Дима нащупал за спиной какую-то тряпку, и, когда Звонок рванулся к нему, бросил ее ему в лицо. В результате нож только прорезал куртку и лишь царапнул Диму по коже. Звонок замахнулся для второго удара, уже развернув Диму лицом к стене и прицелившись для удара под лопатку, как он убил Алексея, но тут подоспел капитан Левшин с тяжелым табуретом в руках и грохнул его по голове. Звонок упал на пол, и подлетевший Дружинин мгновенно защелкнул на нем наручники.

Все было кончено.

Дима стоял у стены и чувствовал, как все его тело наливается свинцовой усталостью, как будто он весь день не просидел на диване, а по меньшей мере таскал пудовые камни. На него вдруг напал истерический смех, и Левшин с Дружининым посмотрели на него недоуменно.

— Ну что, святые отцы? — нервно смеясь, спросил у них Дима. — Как вам израильские свечи?

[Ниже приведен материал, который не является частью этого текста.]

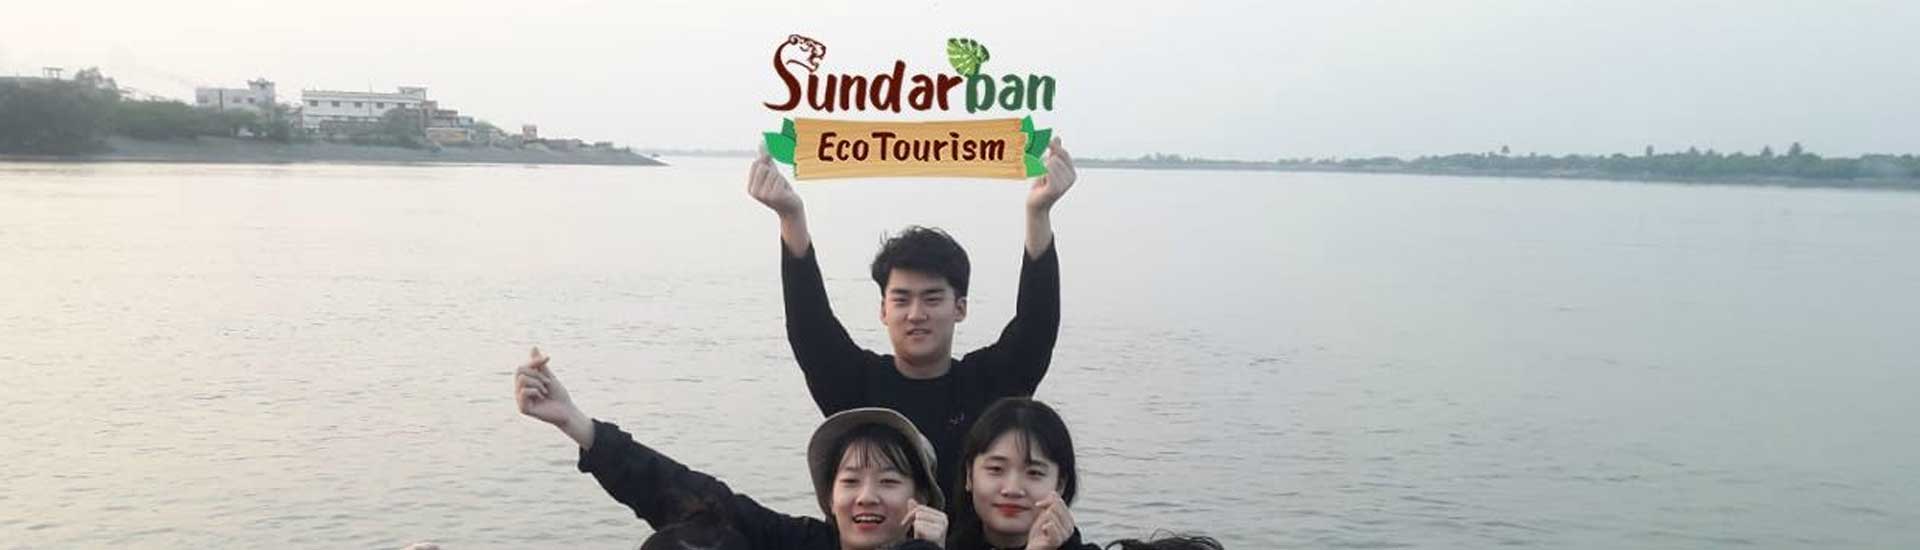 This Summer Destination- Sundarban

Дружинин улыбнулся, а Левшин покачал головой.

— Про свечи это не мы придумали, — сказал он. — Это ваш отец Флавиан подсказал. Дескать, задурите ему голову этими самыми свечами, а потом и вяжите.

Дима расхохотался, сев вдоль стены на пол.

— Ты в порядке? — спросил Левшин, вглядываясь ему в глаза.

Дима махнул рукой.

— Я в порядке в той мере, в какой может быть в порядке человек, который восемь часов подряд находился под угрозой быть немедленно зарезанным.

— Тогда вы еще неплохо выглядите, — заметил Дружинин.

— Вы-то как здесь оказались? — спросил Дима, на которого накатила волна исключительного благодушия. — И так вовремя!..

— Так ты же звонил дежурному, — напомнил Левшин. — Мы всполошились, стали тебя искать. Я как раз в монастыре был, когда отец Флавиан меня позвал, чтоб рассказать про твой звонок.

— Я ему не звонил, — сказал Дима.

— Ну да, ты звонил Зосиме, который, не зная что делать, побежал к Флавиану. А тот уже нас позвал. Плохо, что ли, придумали?

— Хорошо, — сказал Дима. — Но и я вам недурно подыграл, а?

— Отлично, — сказал Левшин. — Я уже было собирался говорить, что отец Зосима велел мне тобою заняться, но ты меня опередил.

— А знаете, кто это? — спросил Дружинин, указав на лежащего Звонка. — Нам на него оперативка пришла, знатный убийца. Он уже в Европе человек десять прибил, не меньше. Приемы знает, ножом владеет в совершенстве. Нам даже не советовали с ним связываться.

— Ничего, справились, — буркнул Левшин.

— По-моему, он уже пришел в себя, — с опаской заметил Женя. — Нарочно глаза не открывает, прислушивается. Потом вскочит…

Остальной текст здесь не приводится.